One of my favorite vignettes, seen from the car window as we passed through a village, was of three children and two baby goats, spinning around in the “dizzy game” that children play. What amazed me was that the goats were following the children! We saw children tenderly caring for their animals. Small children rode the backs of very big water buffalo, petting and talking to their animals. Baby goats were treated with care, sometimes put on a mat in the sun with infant children. I watched an older brother carefully place his baby sibling onto the back of a water buffalo. Was this a first lesson in bonding and animal management? Goats, chickens, dogs, cows, water buffalo, and occasionally a horse, lived with the family and made a family well off. We watched children pick up cow dung, mix it with straw and place in the sun to dry, to be the fuel source for cooking. And, we saw families in the sugar cane fields—fathers cut the cane while moms and children gathered and bundled.


Mud-walled, white-washed home


Straw home for animals and people
 

During the cold nights, as I lay under three blankets, I thought of these children in their mud-walled, thatched- roofed homes, lying in their hay beds. Sr. Elise shared that she prayed that God would to send the animals to lay with the children and keep them warm at night. Oh, that gave a whole new appreciation for the animals!

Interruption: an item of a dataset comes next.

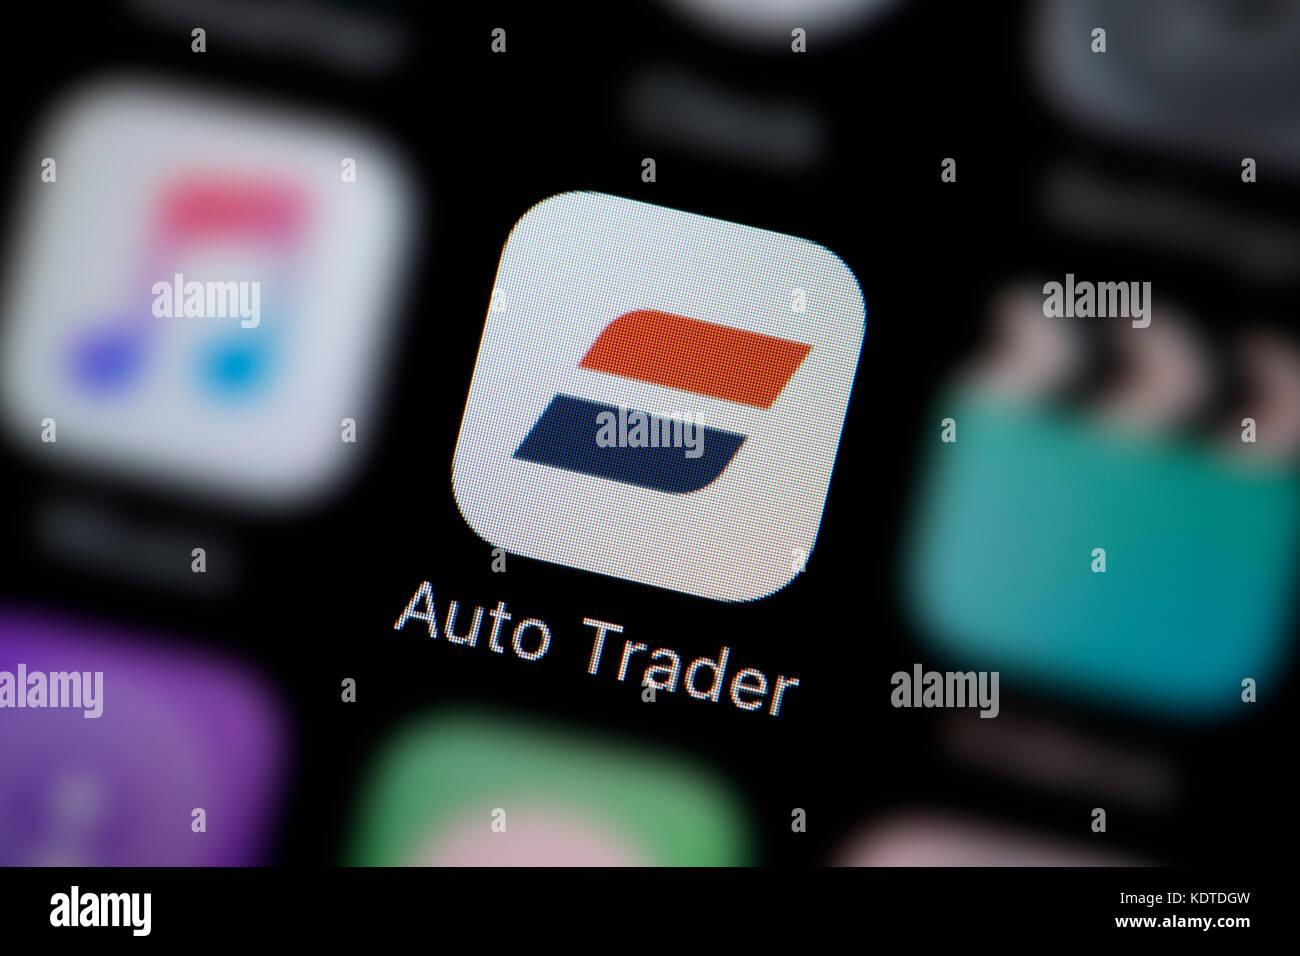 Auto Trader Stock Photos & Auto Trader Stock Images - Alamy

Another scene I will never forget is the sight of a toddler running all alone down a village lane. At the sound of a car horn, he instantly jumped out of the lane, positioned himself on the side of the road and stood with his shoulders and back straight. He looked like he was going to salute the passing car. Already this child, who could not have been three years old, knew the sound of danger and how to avoid it.

In the schools we saw all kinds of faces, from bright-eyed and eager to wary and cautious. Often girls seven to ten years old held and cared for toddler siblings while learning to read and write. Being their family job to care for the young, both came to school (and perhaps inadvertently early education finds a toehold).

While India has a new child labor law intended to protect children fourteen and under from working, on the farms and in the villages everyone is needed. In the towns and cities, the new law has not translated into practice. Children still work long hours. So the late afternoon times (2.00-4.00 pm or 2.00-5.00 pm) for the FreeSchool programs have worked in the lives of these children.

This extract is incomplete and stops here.